We analyzed a sample of consecutive diagnostic PSGs (n = 300) from our center, regardless of reason for referral (most were referred for sleep apnea). The characteristics of this population are given in Table 1. The portion of the total sleep time (TST) spent in REM sleep was variable: the median value was 16%, with 22% having < 10% of the TST in REM sleep, and only 13% exhibiting > 25% of the TST in REM sleep (Figure 2A). This reduction in REM sleep may represent the classic first night effect, which also includes excess N1 and decreased sleep efficiency.9 The median portion of the TST spent in the supine position was 65%. Only 19% of patients spent > 90% of the TST in the supine position (Figure 2B). The chance of observing the supine position while in NREM was greater than while in REM sleep (median of 68% versus 54% was supine, respectively; p < 0.003, Mann-Whitney test). It is unknown for individual patients how their time spent supine in the lab relates to their home sleep position patterns. In the lab, patients are encouraged to sleep supine and may even choose to do so because of the sensor montage; thus, the portion supine observed in the lab may be an overestimate compared to home patterns.

Table 1.

Population characteristics

graphic file with name jcsm.8.6.655.t01.jpg

Figure 2. Distribution of sleep stage and body position in diagnostic PSGs.

Figure 2

(A) Box and whiskers plot of the percent of the TST spent in REM sleep, showing the median value (central line), mean value (+), 25–75th percentiles (box edges), and 5% to 95% range (whiskers). (B) Box and whiskers plot of the percent of the TST spent in the supine position. (C) Percentage of PSGs containing minimum amounts of time (X-axis in minutes) in each of the four possible combinations of REM/NREM and supine/non-supine.

Only a fraction of the PSGs contained observations sufficient to characterize all 4 possible combinations of REM, NREM, supine, and lateral conditions (Figure 2C). For example, 43% of PSGs contained ≥ 10 min in each combination, while fewer than 20% contained ≥ 25 min in each combination. Single-night PSG is thus somewhat limited in the chances of providing the requisite patient-specific information to accurately determine stage- and position-dependence.

Apnea Severity: Dependence on Sleep Stage and Body Position

Although OSA is often considered a REM-dominant disorder, there is a range of sleep stage dependence reported in the literature.

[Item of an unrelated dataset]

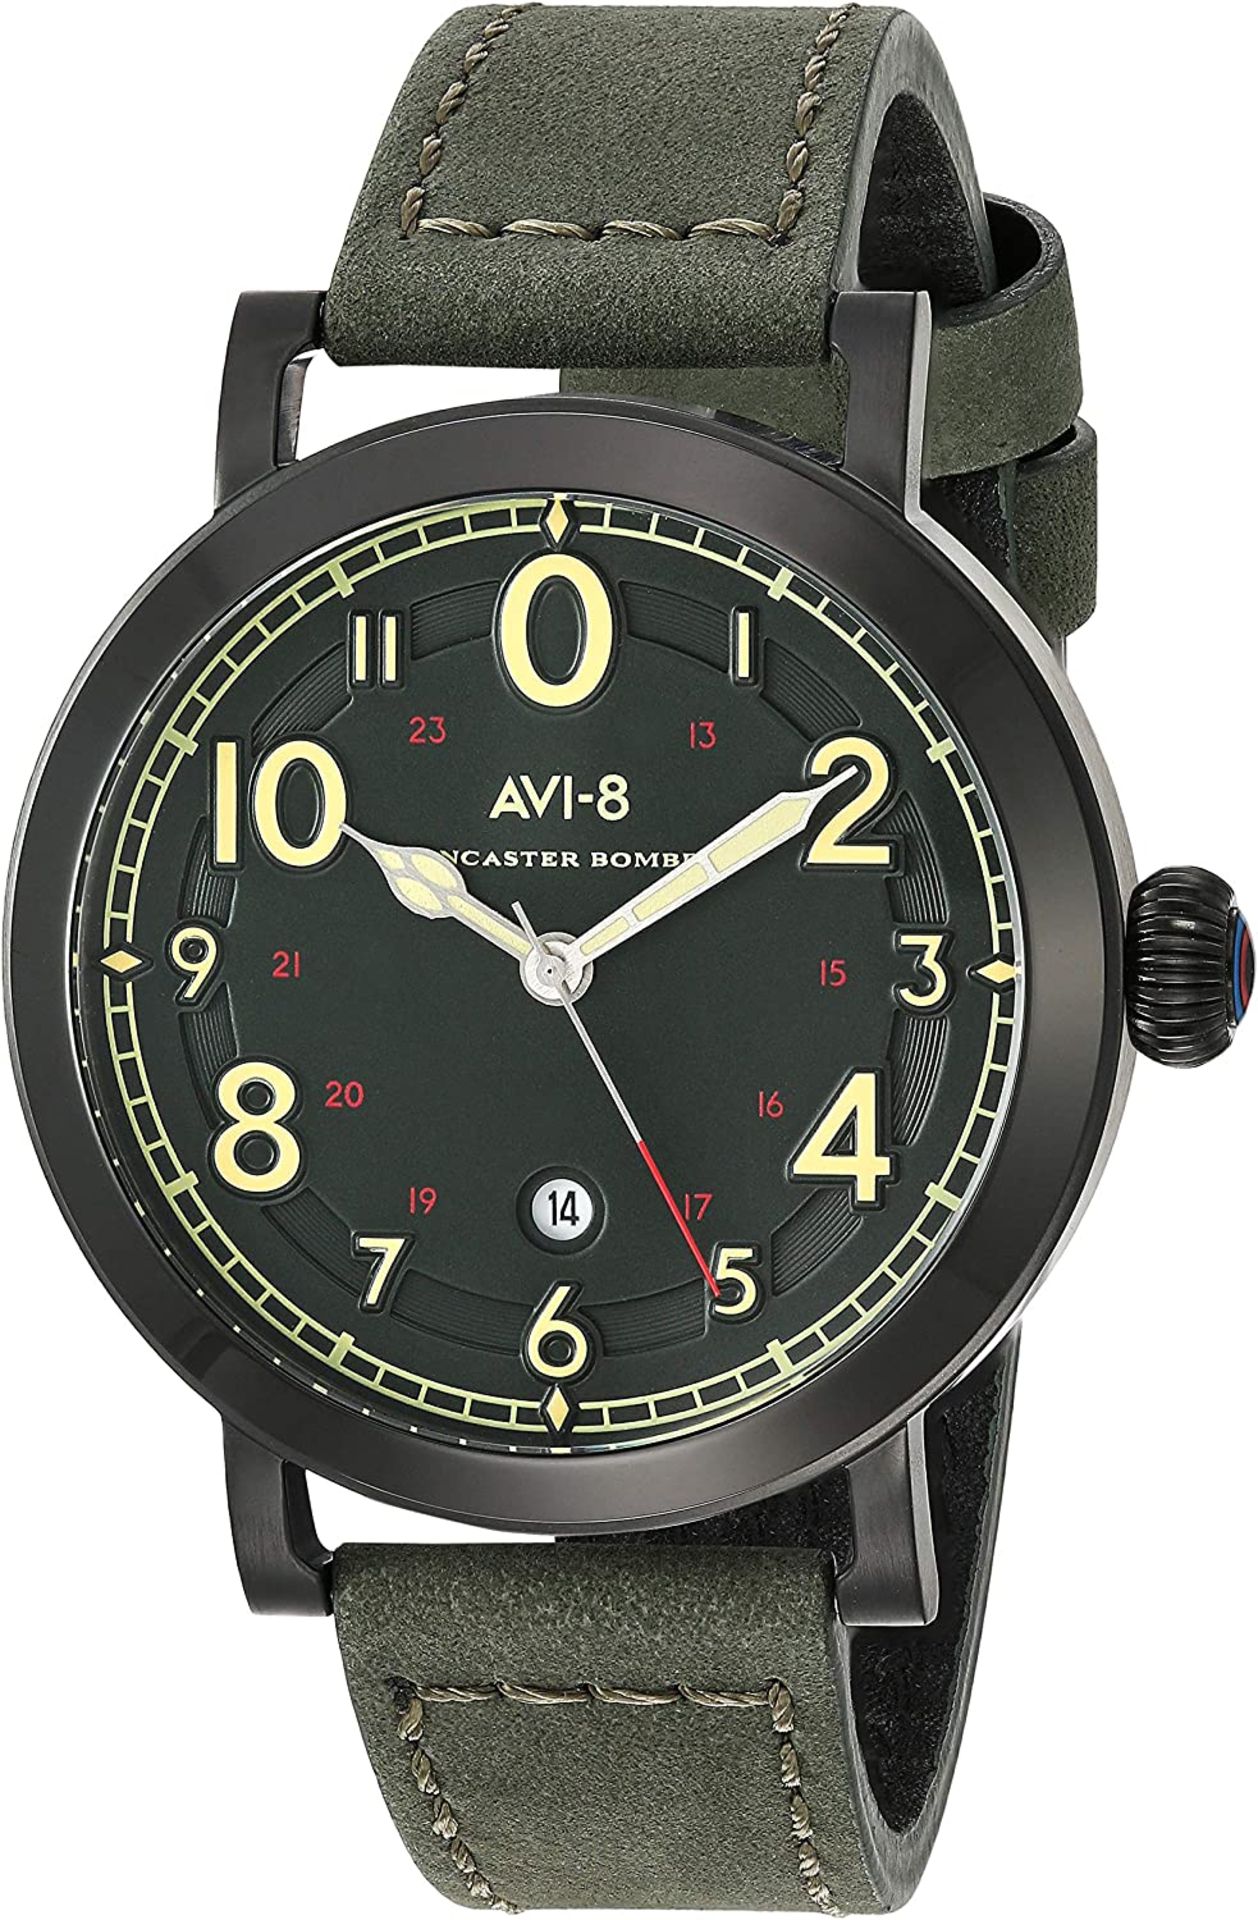 AVI-8 Men's Quartz Analog Watch, Green Leather Band, Steel Case - Ex Demo or Return from Private J..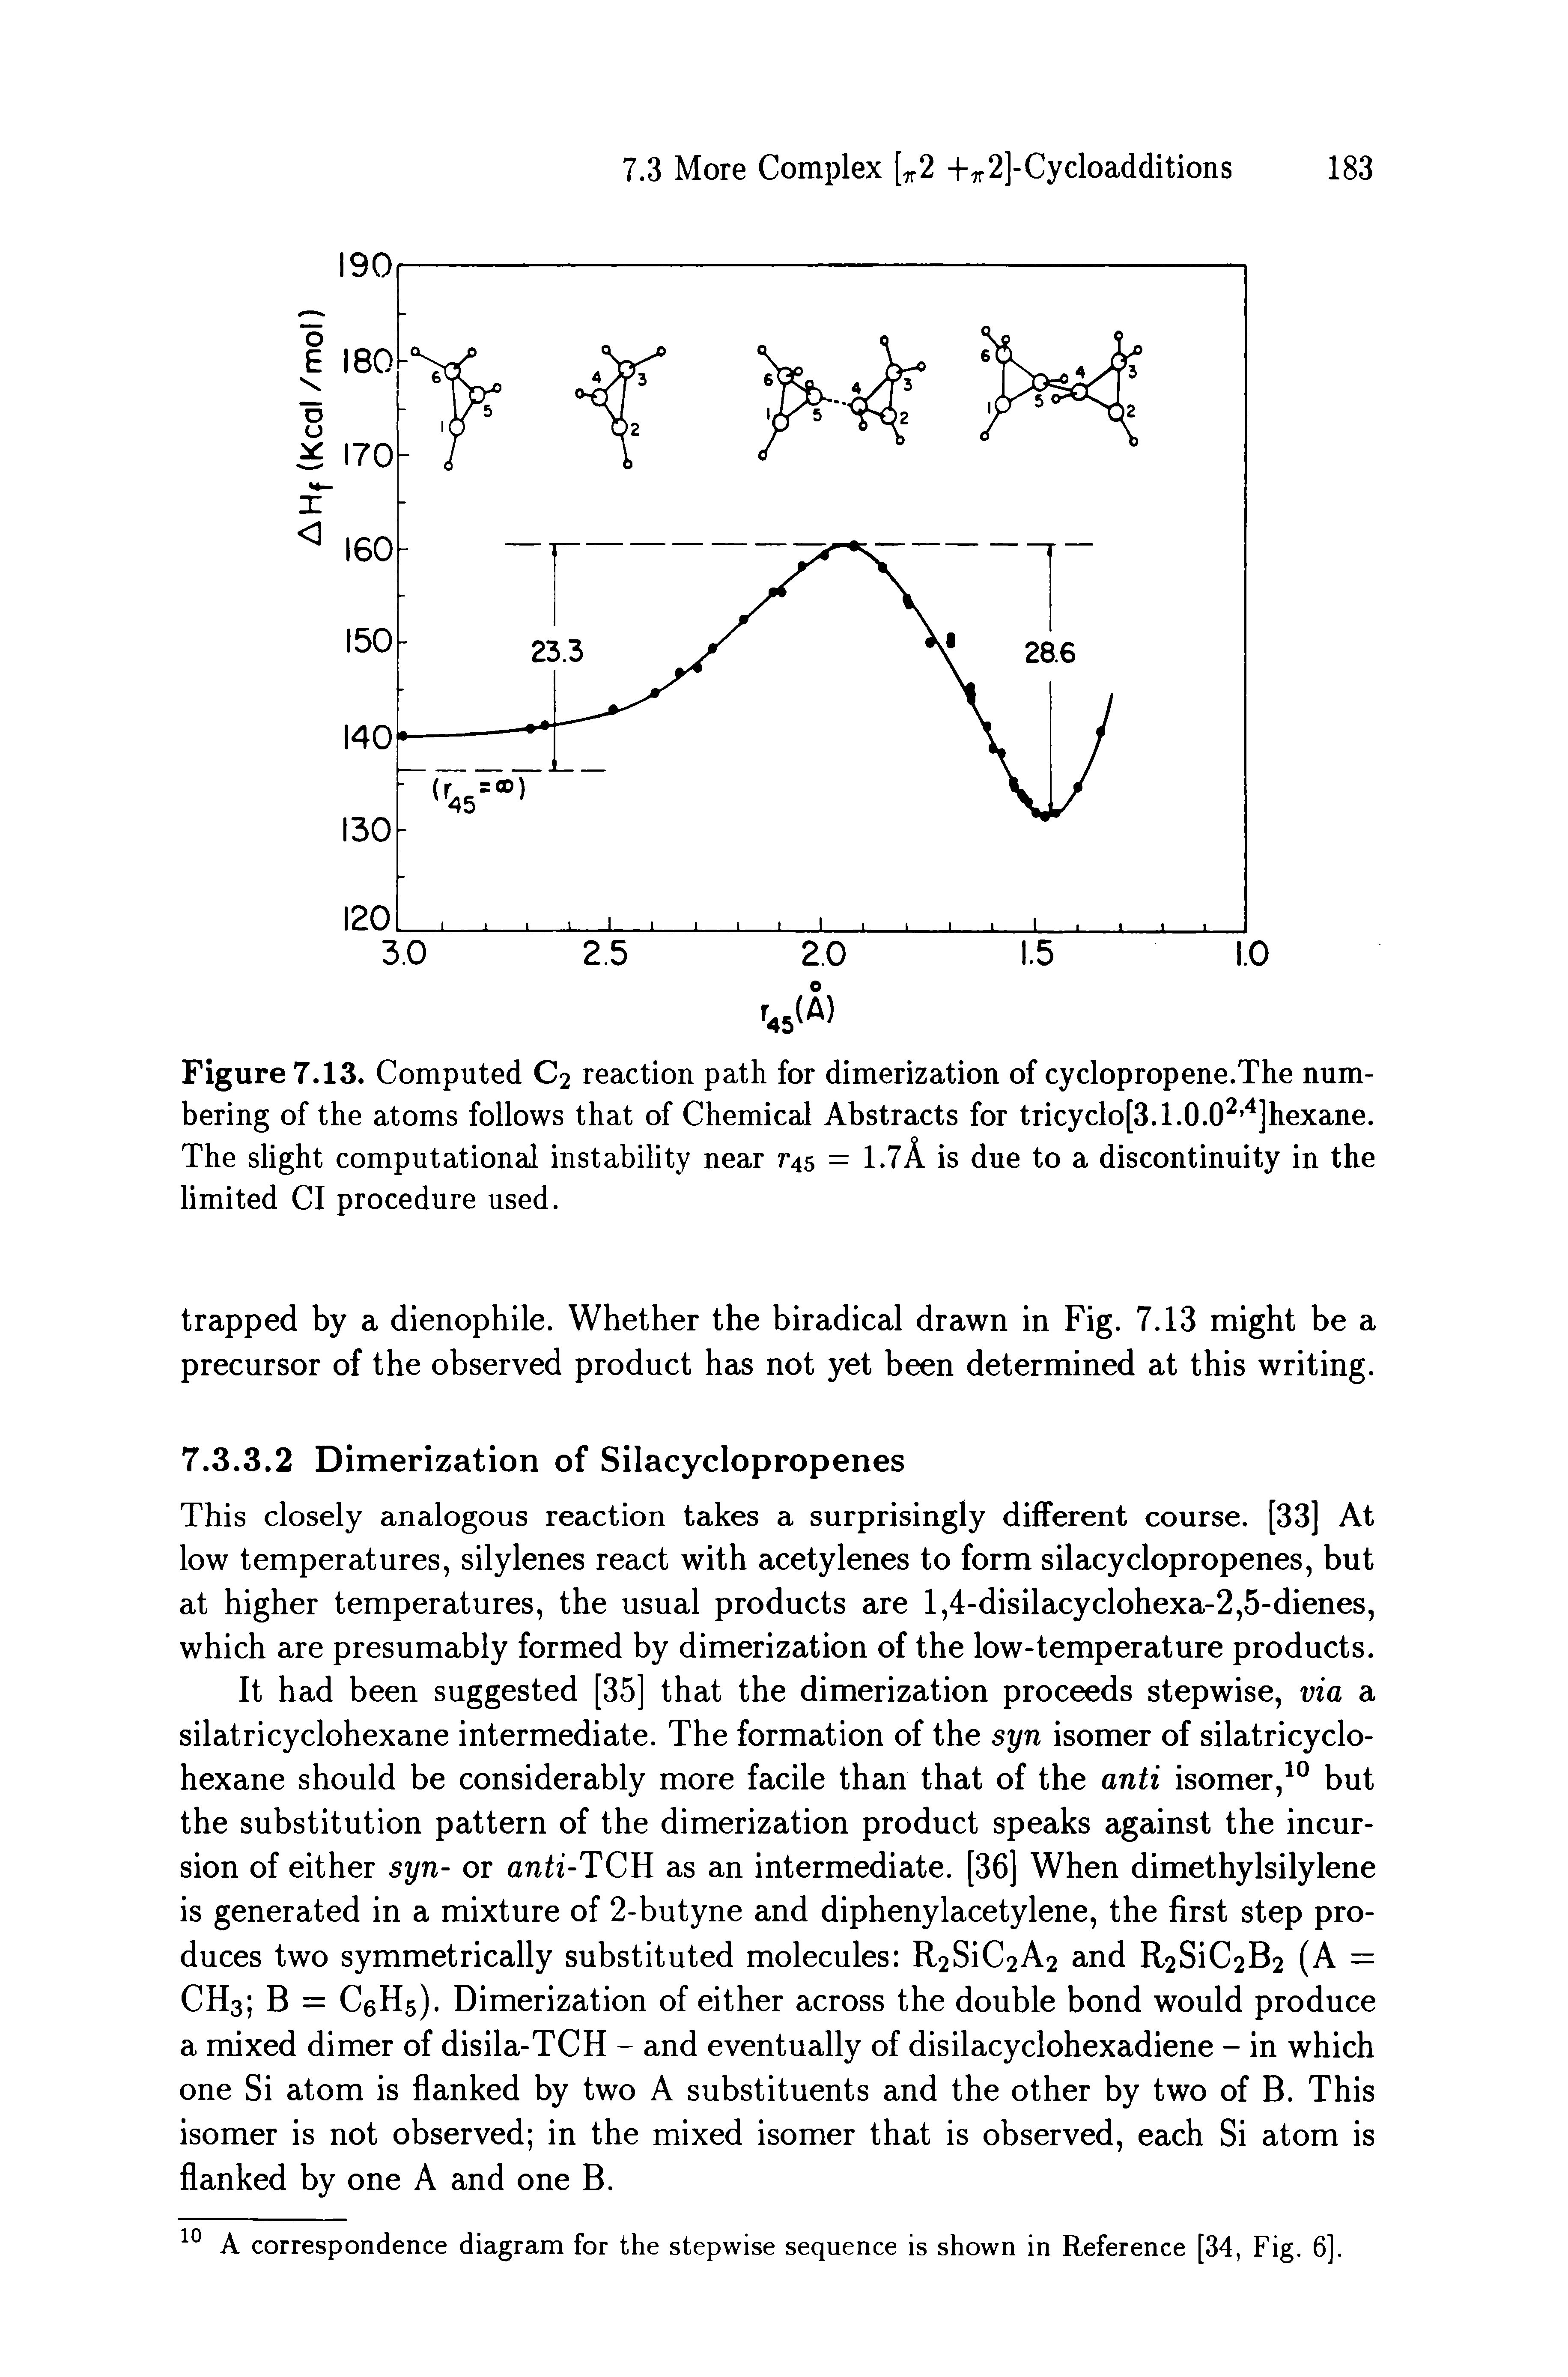 Figure 7.13. Computed C2 reaction path for dimerization of cyclopropene.The numbering of the atoms follows that of Chemical Abstracts for tricyclo[3.1.0.0 ]hexane. The slight computational instability near r4s = 1.7A is due to a discontinuity in the limited Cl procedure used.

The distribution of ratios of REM versus NREM AHI in our cohort are given in Figure 3A. Among those patients with ≥ 5 min of REM sleep (n = 285), about half had a REM AHI value ≥ 2-fold larger than the NREM AHI (n = 158); the median ratio in this subset of REM dominant patients was 4.8 (IQ range 2.8–7.4), while the median REM dominance ratio in the whole group was 2.2 (IQ range 1.0–5.4). Among the small portion exhibiting a REM to NREM AHI ratio < 0.5 (i.e., > 2-fold NREM dominant; n = 32), the median ratio was 0.33 (IQ range 0.21–0.38). The remaining subjects (n = 95) had < 2-fold difference between REM and NREM AHI values.

Figure 3. Distribution of stage- and position-dominance: AHI ratios.

Figure 3

(A) Frequency histogram showing the relative occurrence (Y-axis) of REM: NREM AHI ratios. Larger values indicate increasing REM-dominant OSA. (B) Frequency histogram showing the relative occurrence of supine: non-supine AHI ratios. Larger values indicate increasing supine-dominant OSA.

We also considered several subgroups to further explore REM dominance patterns. For subjects with at least 20, 40, or 60 min of REM sleep (n = 271, 218, or 158, respectively), the median REM dominance ratio was between 2.4 and 2.6, and the percentages of these subgroups with REM dominance ratios > 2 were between 45% and 60%. These values were similar to values obtained from group having ≥ 5 min of REM sleep reported above. Among women (n = 136), the REM dominance was greater, with a median REM dominance ratio of 4.2 (IQ range 1–8.3). Male subjects (n = 152) showed a smaller ratio of 1.9 (IQ range 0.6–4.3; p < 0.0001, Mann-Whitney, compared to the ratio in females). There was no significant correlation between age and the REM dominance ratio for the whole group (Pearson r = 0.02), or when females and males were analyzed separately (Pearson r = 0.04 and 0.09).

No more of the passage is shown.